Atividade 3: Kusto Query Language 101

Aqui é onde queremos que você abra o Scoreboard e o visualizador ADX em janelas separadas para completar os próximos exercícios. Se você não puder ou não quiser usar o Scoreboard, todas as perguntas desta seção estão listadas abaixo.

Lembre-se: qualquer página com vídeo repete a lição tanto em vídeo quanto em texto. Você pode seguir o que preferir, dependendo de como aprende melhor.

KQL 101

[Certifique-se de usar o banco de dados SecurityLogs para este exercício.]

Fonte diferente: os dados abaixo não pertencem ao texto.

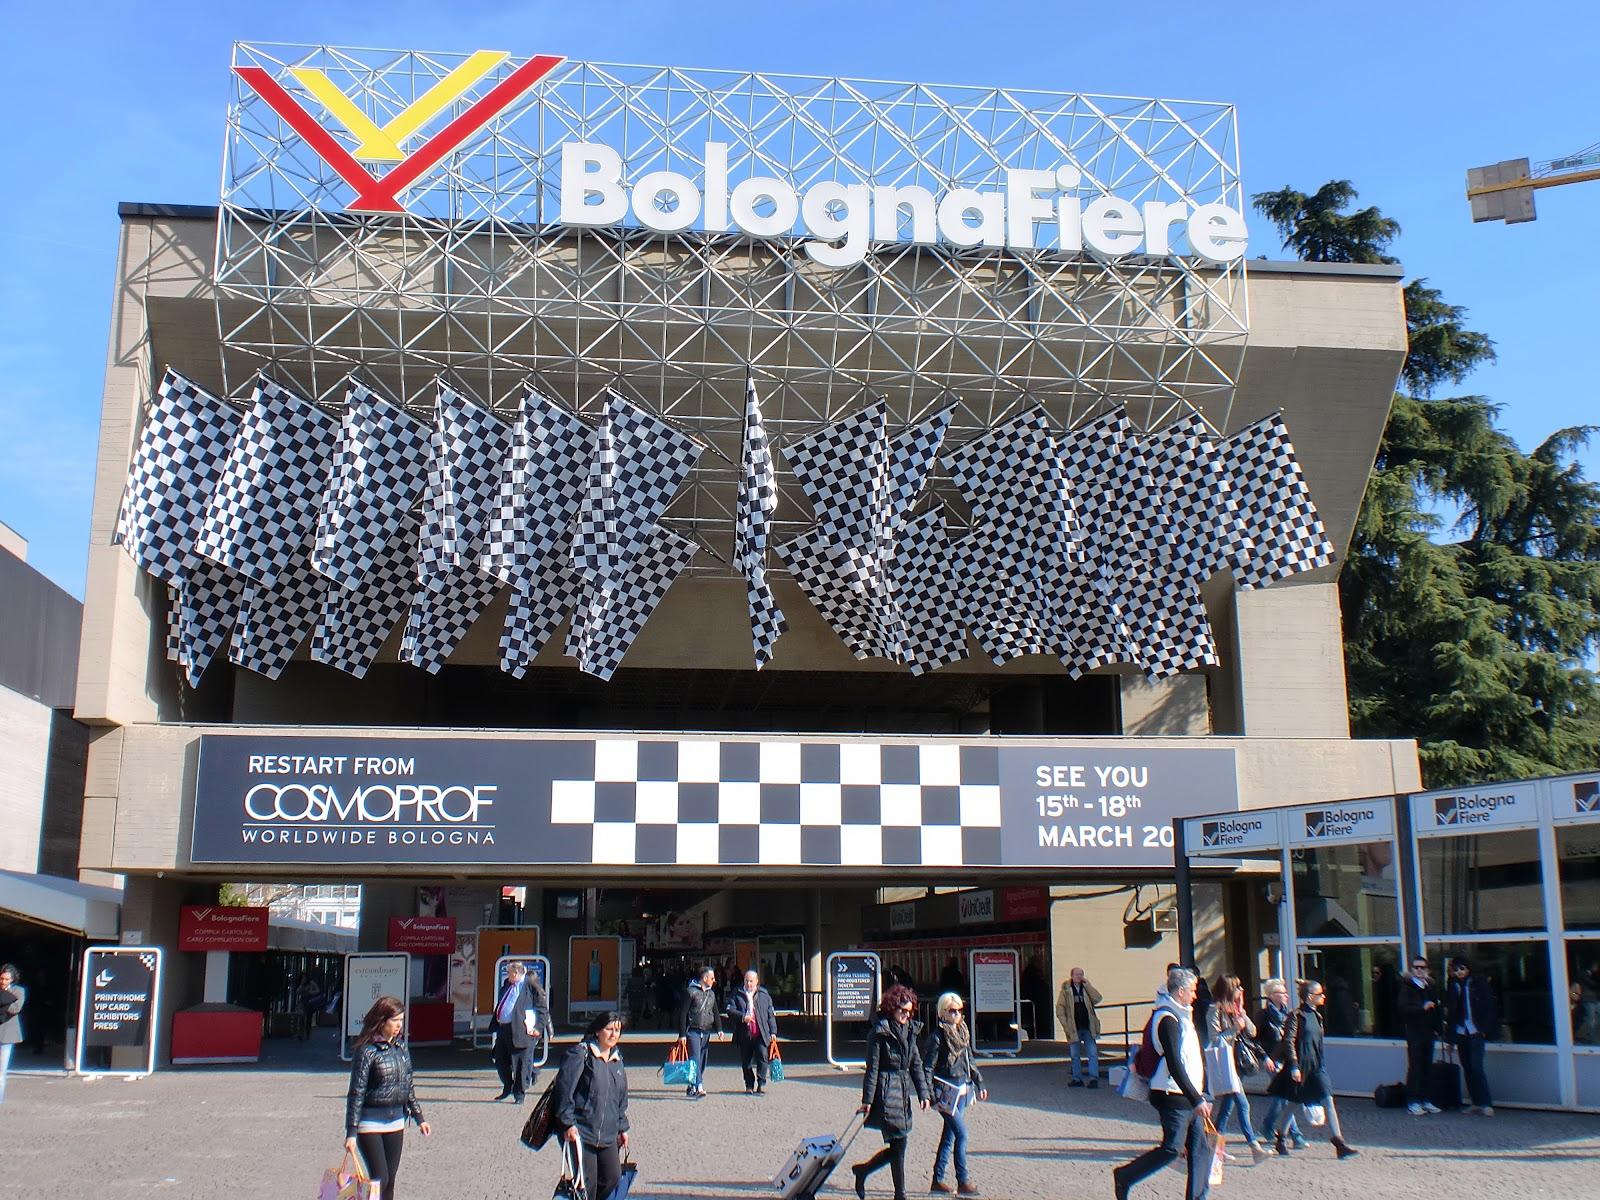 Itália | Pacote Feira Cosmoprof em Bolonha - De 15 a 20 de Março de 2017 | Pacote Feiras Internacion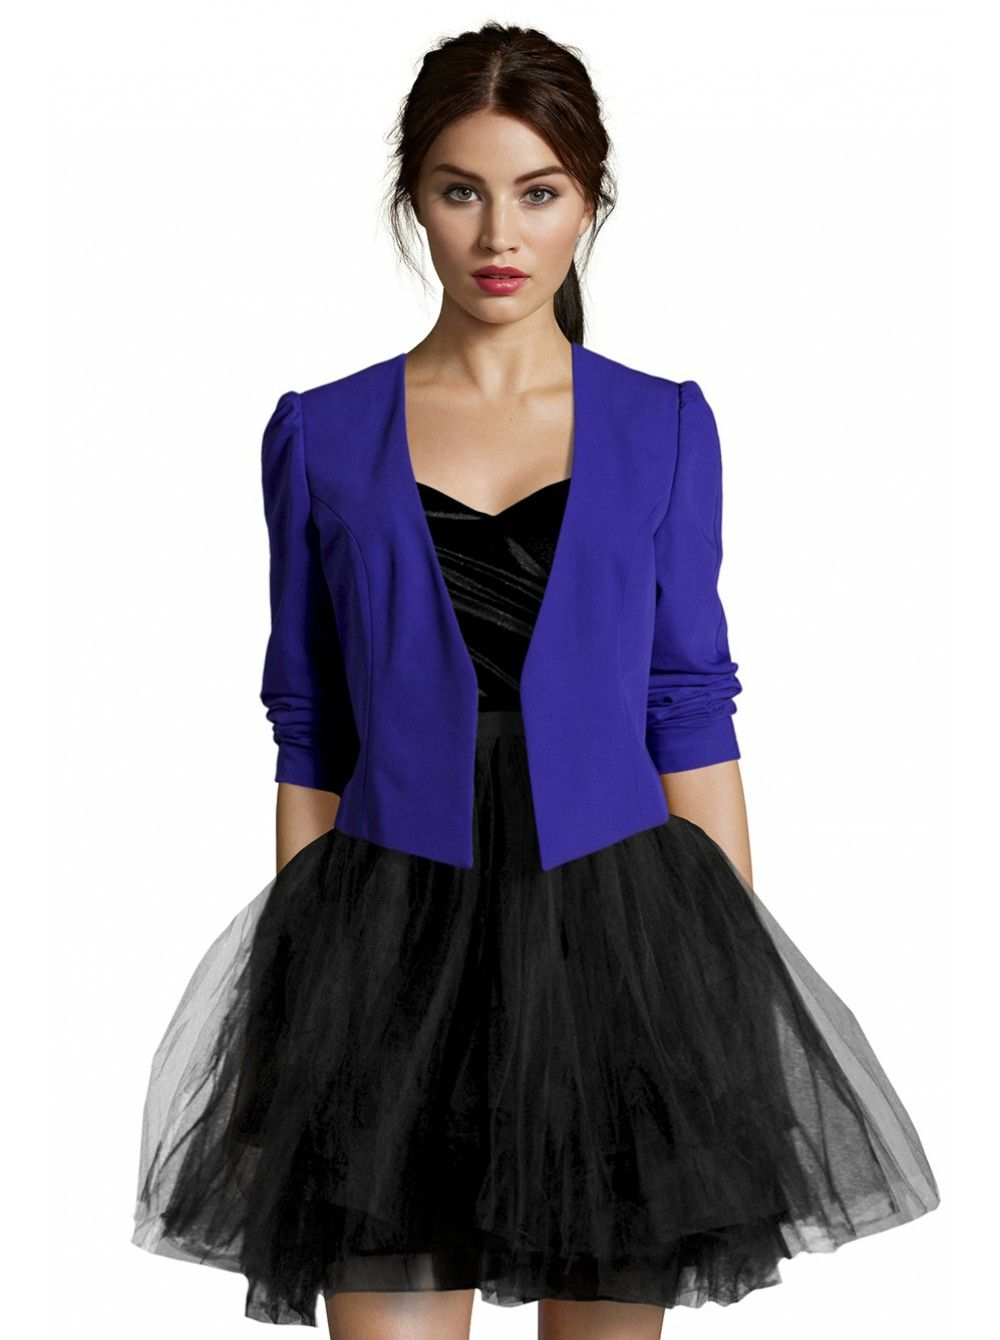 naf naf robe bustier velours et tutu noir evening femme liebe shopping pinterest. Black Bedroom Furniture Sets. Home Design Ideas

Digite a consulta abaixo no workspace para ver as primeiras linhas da tabela Employees. Pressione “run” ou “shift + enter” para executar a consulta. Todos os blocos de código KQL deste workshop estarão destacados em cinza como o exemplo abaixo.

Employees
|   take 10

Esta consulta tem algumas partes. Vamos entender cada uma delas:

“KQL1” “KQL2”

O operador take é uma ferramenta poderosa para explorar linhas de uma tabela e, assim, entender melhor que tipo de dados estão guardados ali.

🎯Dica – O que fazer quando não sabe por onde começar: Sempre que você encontrar uma tabela de banco de dados desconhecida, a primeira coisa a fazer é amostrar suas linhas usando o operador take. Assim, você descobre quais campos estão disponíveis para consulta e pode imaginar que tipo de informação pode extrair da fonte de dados.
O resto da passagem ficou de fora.